Stored data entries:
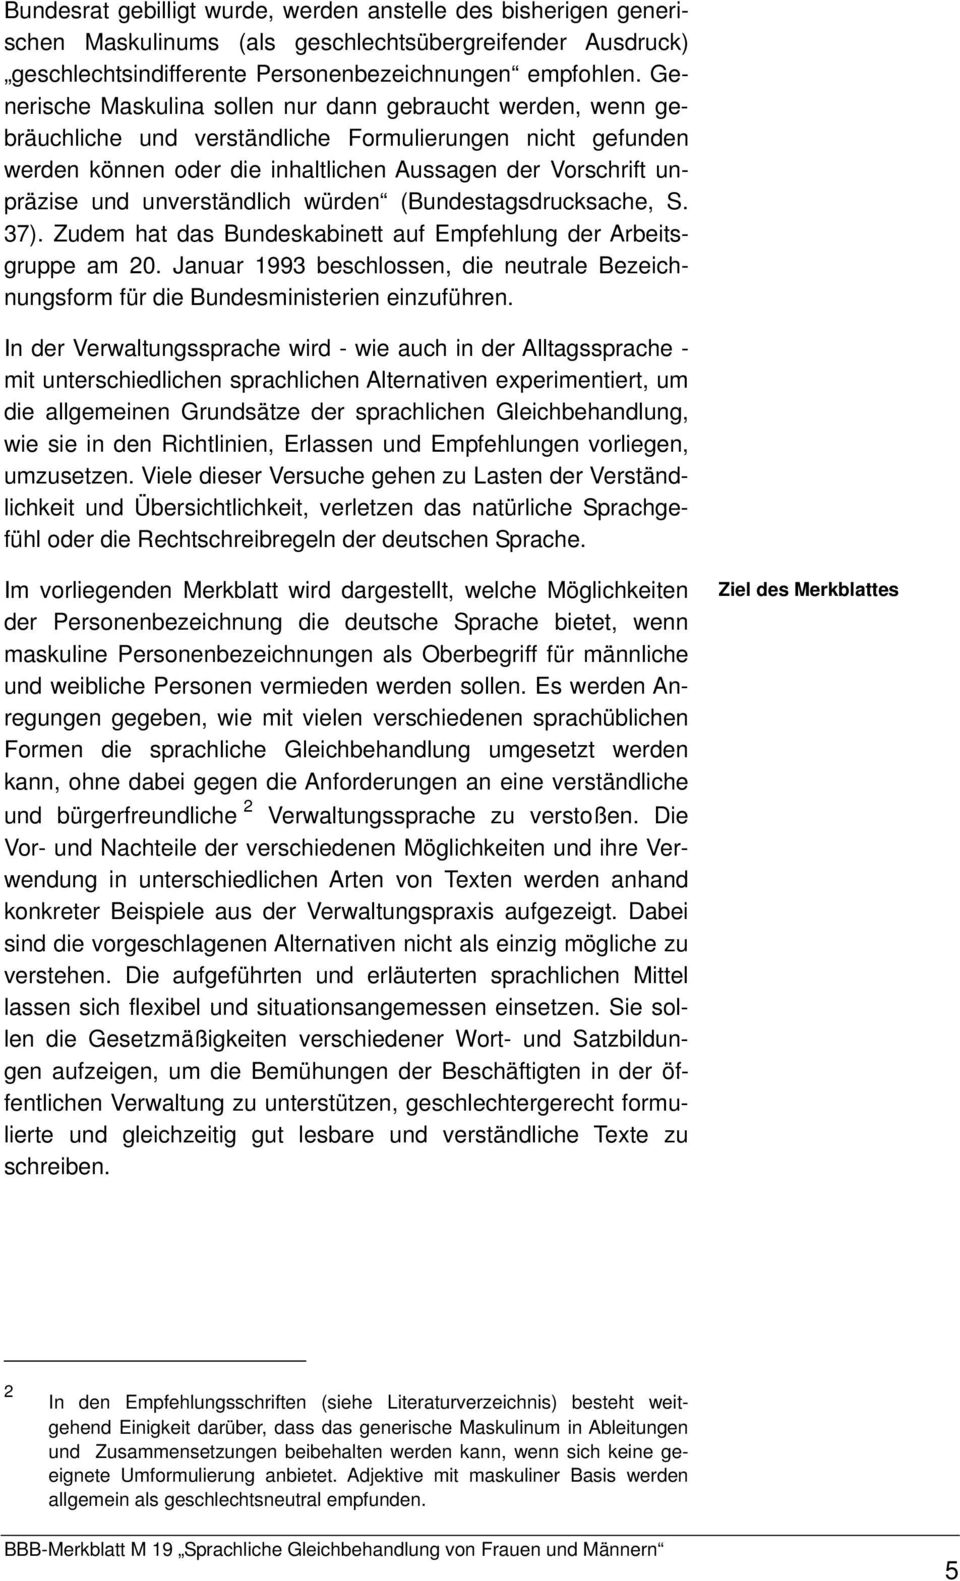 unverständlich würden (Bundestagsdrucksache, S. 37). Zudem hat das Bundeskabinett auf Empfehlung der Arbeitsgruppe am 20.
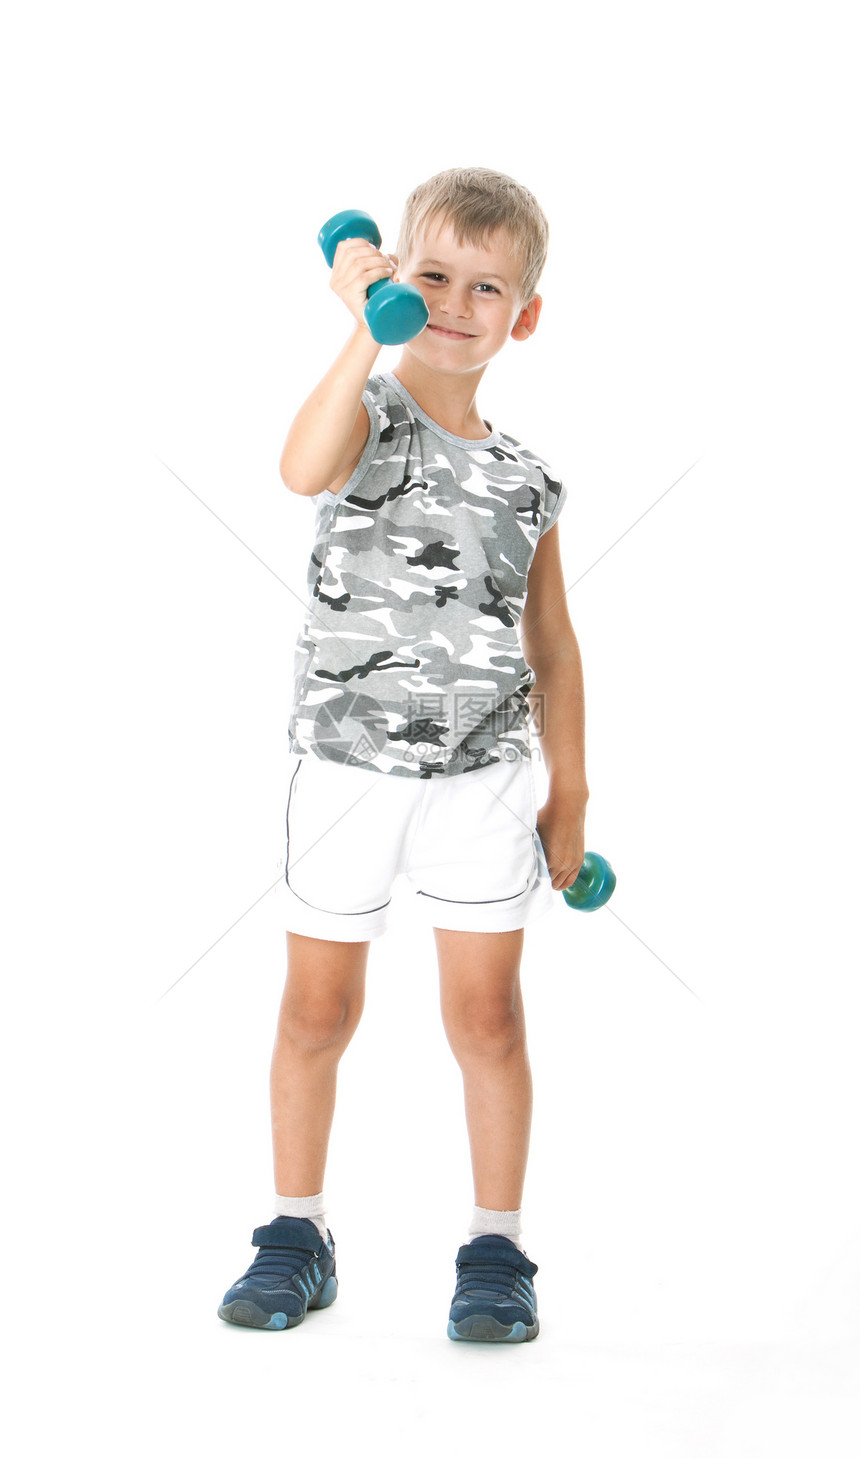 有哑铃的男孩玩具男性健康青年童年运动休闲孩子竞赛乐趣图片
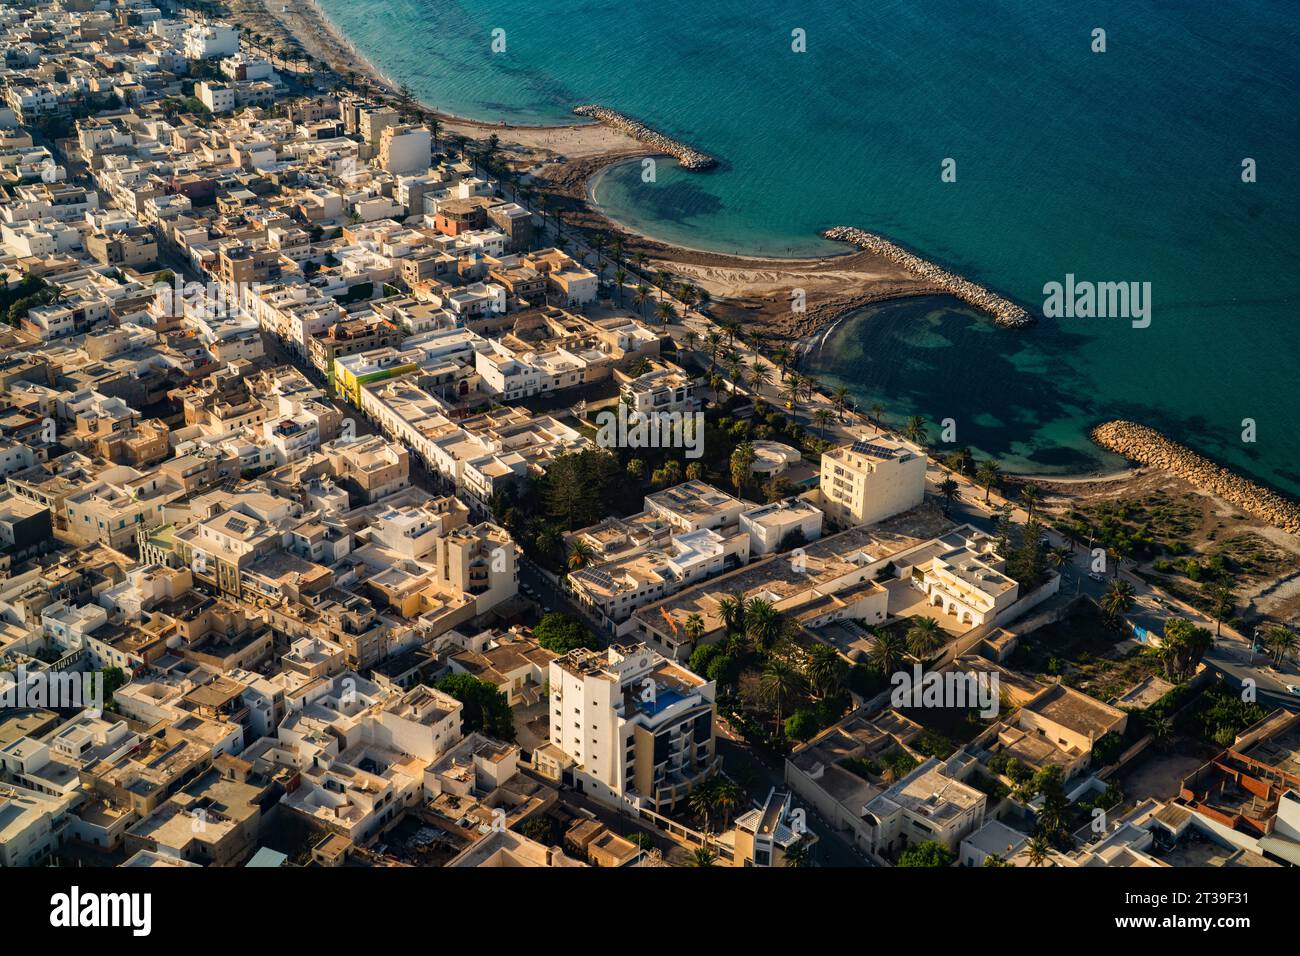 Vista aerea della costa tunisina e della città di Mahdia. Foto Stock
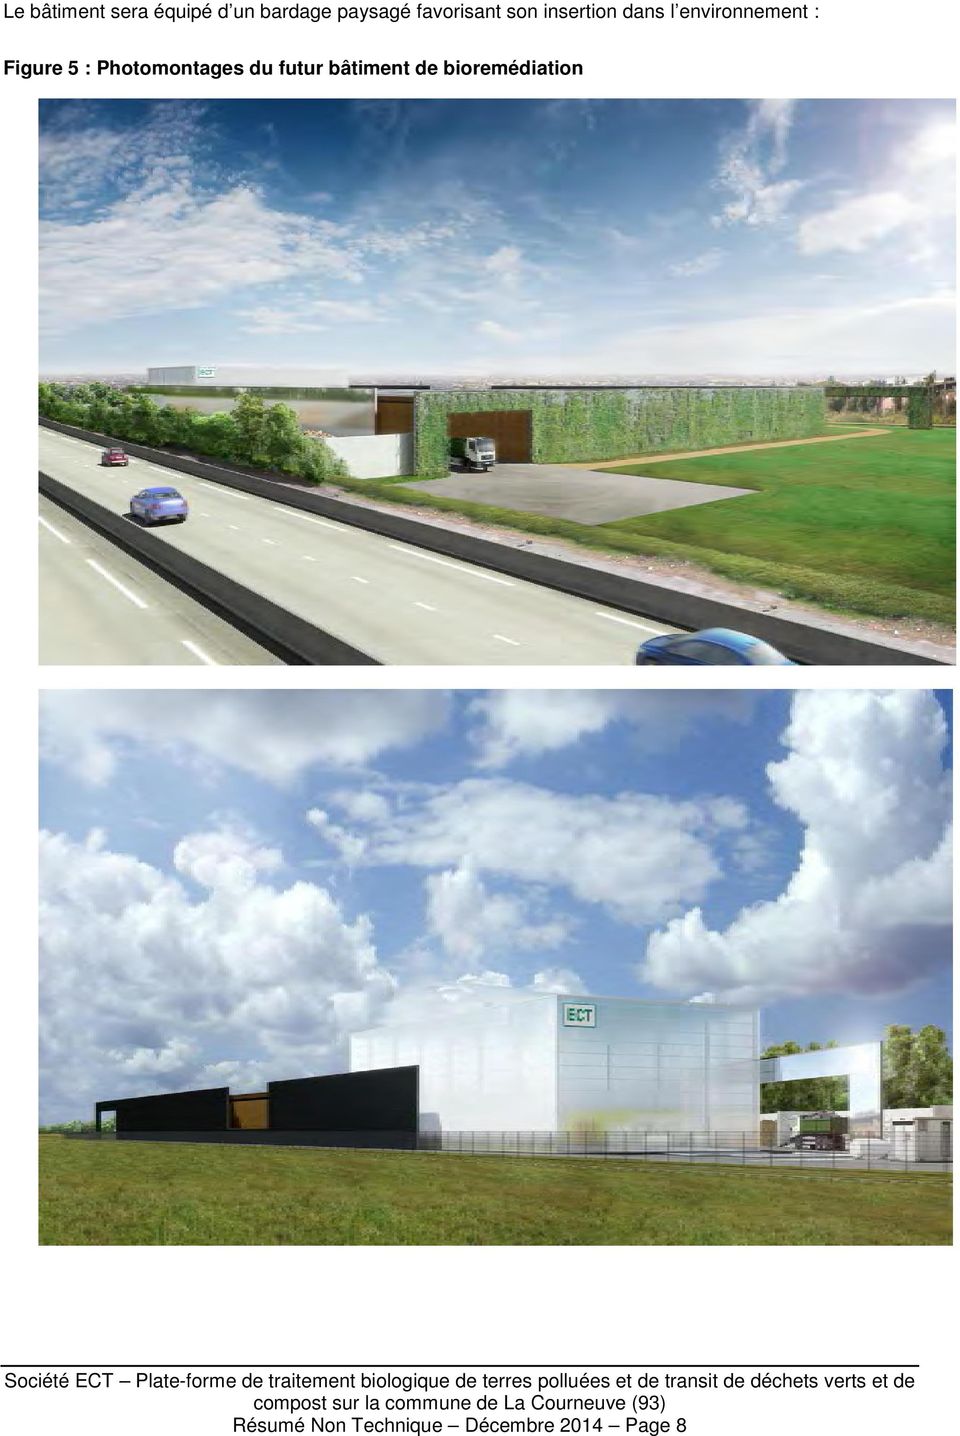 Figure 5 : Photomontages du futur bâtiment de
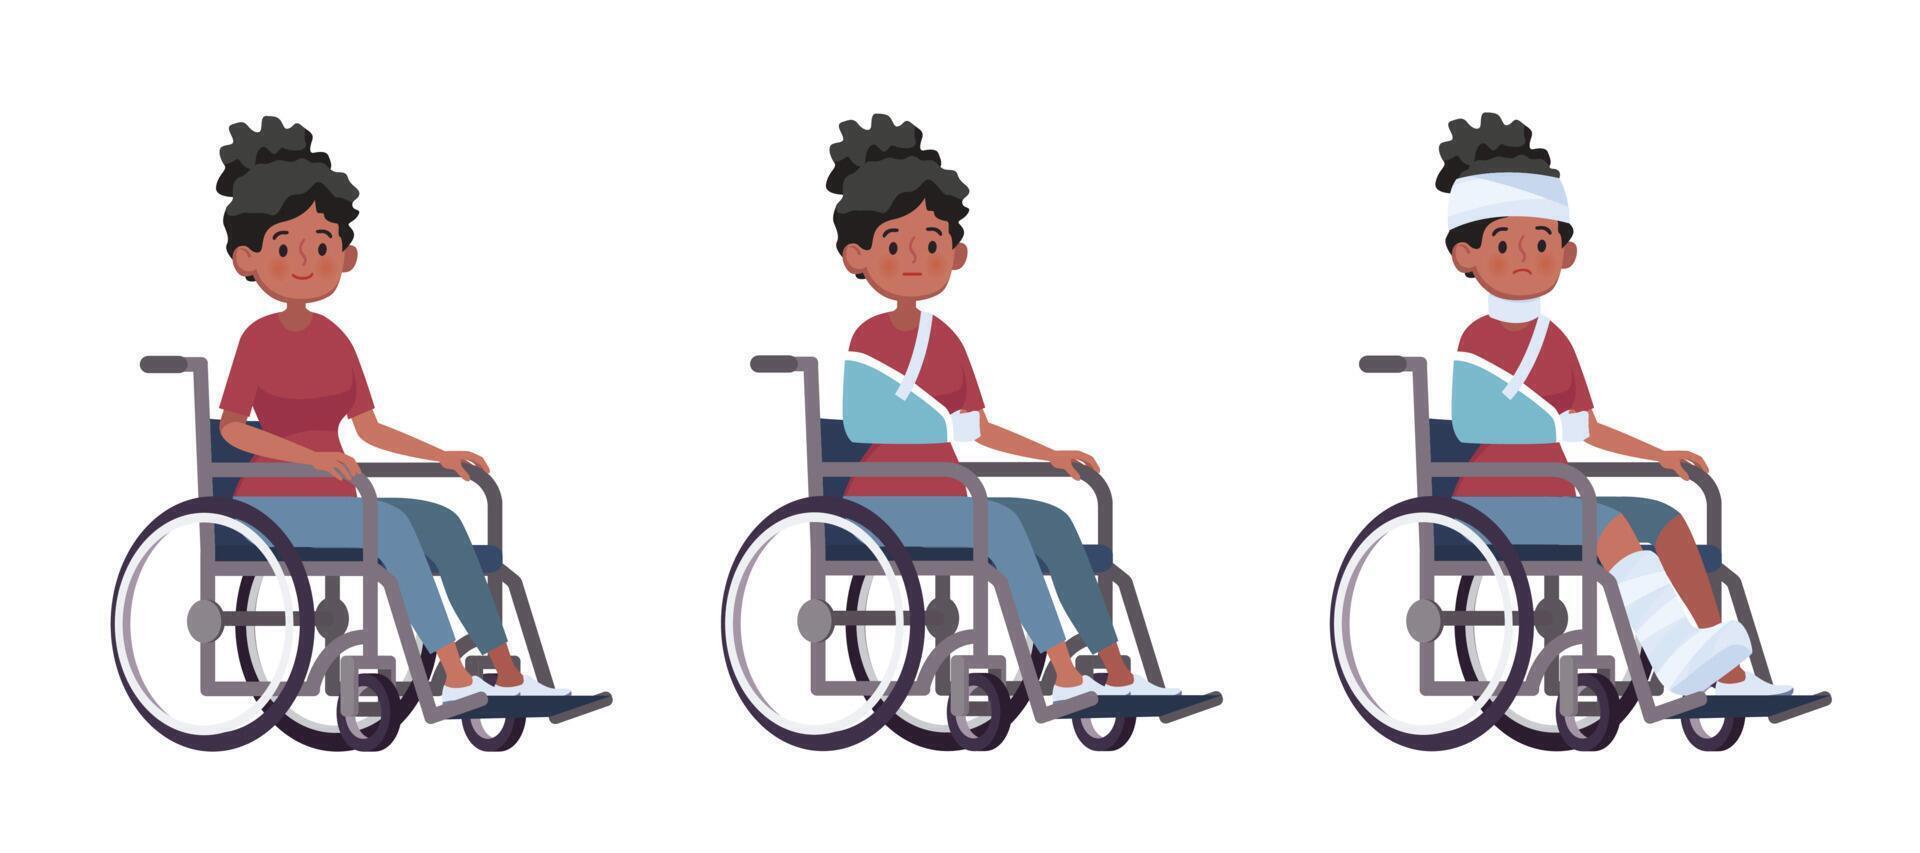 giovane donna su una sedia a rotelle set di cartoni animati vettoriali concetto di recupero di lesioni e disabilità dall'incidente

■ **BRIEF**: An exact copy of the records above is required, leaving out the pictures.

■ **SOLUTION FOR THIS EXERCISE**:
 unverständlich würden (Bundestagsdrucksache, S. 37). Zudem hat das Bundeskabinett auf Empfehlung der Arbeitsgruppe am 20.
 有哑铃的男孩玩具男性健康青年童年运动休闲孩子竞赛乐趣图片
 Vista aerea della costa tunisina e della città di Mahdia. Foto Stock
 Figure 5 : Photomontages du futur bâtiment de
 giovane donna su una sedia a rotelle set di cartoni animati vettoriali concetto di recupero di lesioni e disabilità dall'incidente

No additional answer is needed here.